# Good deal?



## spurgersalty (Jun 29, 2010)

06 Honda rancher 350 4wd, standard, 58 miles on it, immaculate condition which leads me to believe the "only used 3 times at lease" ad catch line. No dinginess what so ever on the motor or any other uncoated/corrosion resistant metal under it.
$3000. 
Old gray haired 70 year old bought it new and is selling due to divorce. Supposedly bought new by him.
Sound fair to y'all?

Â©


----------



## JFolm (Apr 22, 2012)

Sounds like a good deer lease bike. It seems like everyone is steering away from Honda now but that is because of the new Polaris and what not.


----------



## dabossgonzo (Mar 5, 2010)

*jump*

I would jump on it..... the older hondas dont have all the bells and whistles but they are bullet proof. I have had several Hondas and currently my son is riding my 06 Rincon and putting it through he77 and it just keeps going. I have replaced the battery and brakes and that's it besides fluid changes. 
I have that Honda a 2013 Can Am and a Grizzly but when headed to the lease with only one bike I load the Honda up because I KNOW it is going to perform without a hitch.
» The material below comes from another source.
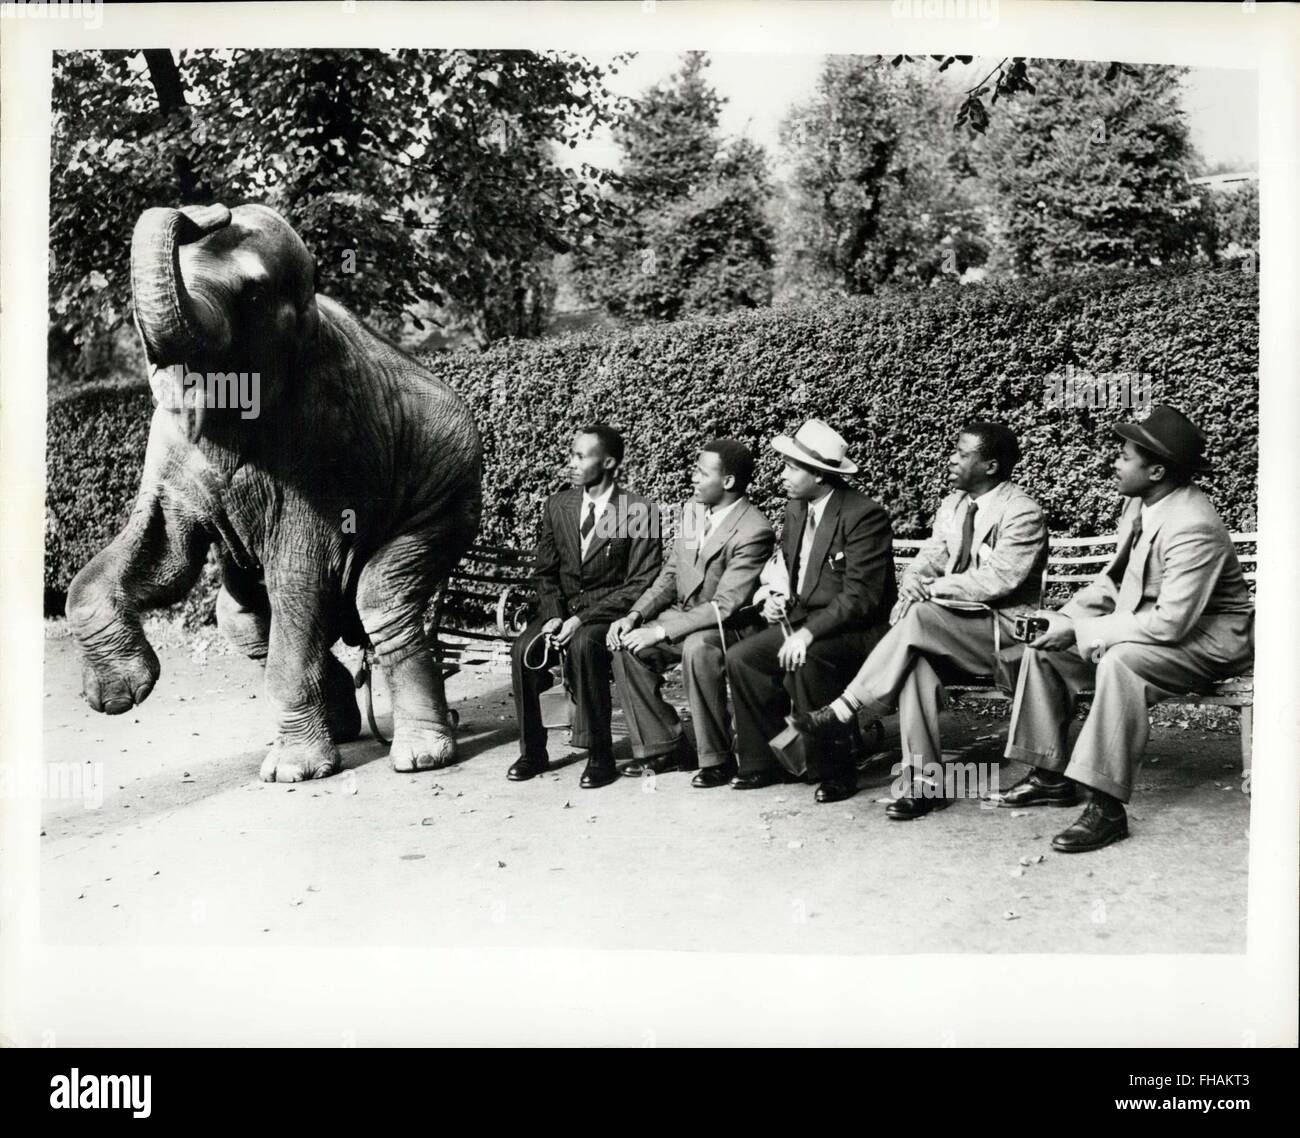 1972 - African Chiffs Visit London ''Jungle'': Five chiefs from the British African colony of Tanganyika are in Britain at the request of their government to study British methods of local government, social services and agricultural developments. Photo shows The five chiefs take time out to visit the London Zoo and Dumbo, the zoo's most popular elephant, puts on his best show for them. To make them feel at home he sat right down beside them. The chiefs are (left to right) Leukuti Sefania Sumley Mollel of Aruaha, Sylvanus Kaaya of the Meru, Amri Dodo of Gorowa, Sabu, Sulton of Mluguru, and Liw Stock Photo

If you don't jump on it give me the number I can always make room for one more.


----------



## berto (Oct 14, 2004)

dang divorce at 70!


----------



## Hotrod (Oct 11, 2006)

2500 tops


----------



## Tail'in around (Oct 12, 2006)

Look at everything on the market in the $2500-$3000 range and then decide. If you think it's worth it and like it, then buy it. Kinda like a boat, few people make money or get it back with more hrs and age on it later on.


----------



## Muleman (Dec 6, 2011)

*Honda*

If you don't buy it PM me his number and I will!!!!!!!!!


----------



## spurgersalty (Jun 29, 2010)

dabossgonzo said:


> I would jump on it..... the older hondas dont have all the bells and whistles but they are bullet proof. I have had several Hondas and currently my son is riding my 06 Rincon and putting it through he77 and it just keeps going. I have replaced the battery and brakes and that's it besides fluid changes.
> I have that Honda a 2013 Can Am and a Grizzly but when headed to the lease with only one bike I load the Honda up because I KNOW it is going to perform without a hitch.
> 
> If you don't jump on it give me the number I can always make room for one more.


NO!



Muleman said:


> If you don't buy it PM me his number and I will!!!!!!!!!


And NO!!!:rotfl::tongue:
Will pick up tomorrow

Â©


----------



## Hotrod (Oct 11, 2006)

I wouldnt pay 3k for a 350, but thats me. Too many other bigger CC Atvs out there from 3-3500. Does this Honda have Independent Rear Suspension? Straight axle is a back beater. Too many automatics out in that price range as well. Sometimes hardly riden versus a riden bike is worse. Like other things that sit, things get brittle or dont run right, rust, etc. You could buy brand new around 4 to 5k


----------



## Hotrod (Oct 11, 2006)

$999 more dollars and get a brand new 2013 Honda 420. LA, no tax, thats out the door.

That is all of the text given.